What to do
Among the lines below, a stretch begins at the one with "Grocery store with green bananas on display" and ends at the one with "Alonso Fernández de". Repeat that stretch exactly, ends included.

Source records
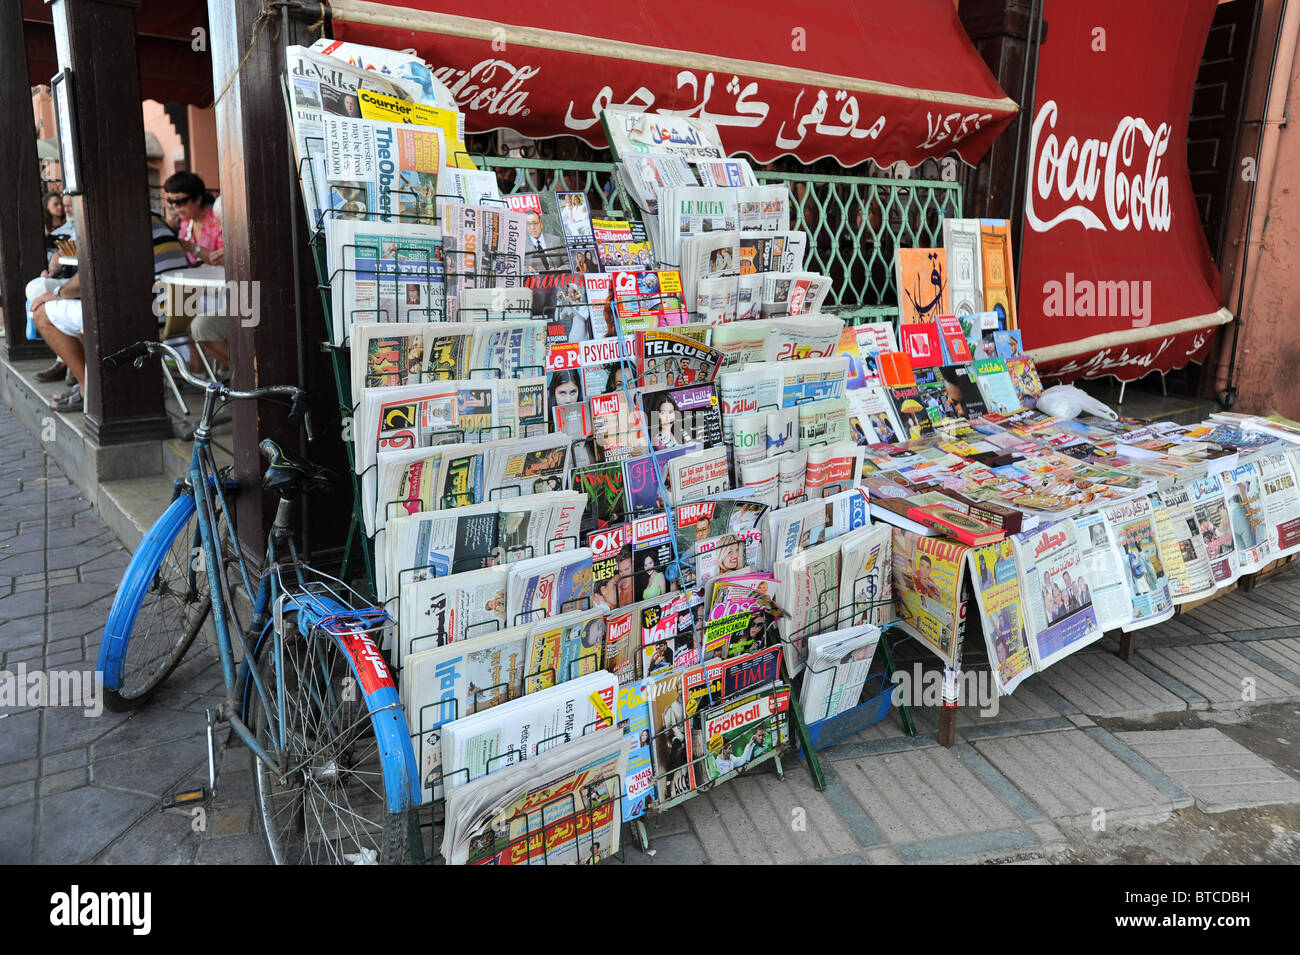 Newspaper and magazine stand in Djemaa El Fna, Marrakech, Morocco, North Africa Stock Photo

==

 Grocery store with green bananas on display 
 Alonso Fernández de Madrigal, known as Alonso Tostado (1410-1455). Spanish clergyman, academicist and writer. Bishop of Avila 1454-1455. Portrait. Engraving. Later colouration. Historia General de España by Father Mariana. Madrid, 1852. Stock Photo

Result
 Grocery store with green bananas on display 
 Alonso Fernández de Madrigal, known as Alonso Tostado (1410-1455). Spanish clergyman, academicist and writer. Bishop of Avila 1454-1455. Portrait. Engraving. Later colouration. Historia General de España by Father Mariana. Madrid, 1852. Stock Photo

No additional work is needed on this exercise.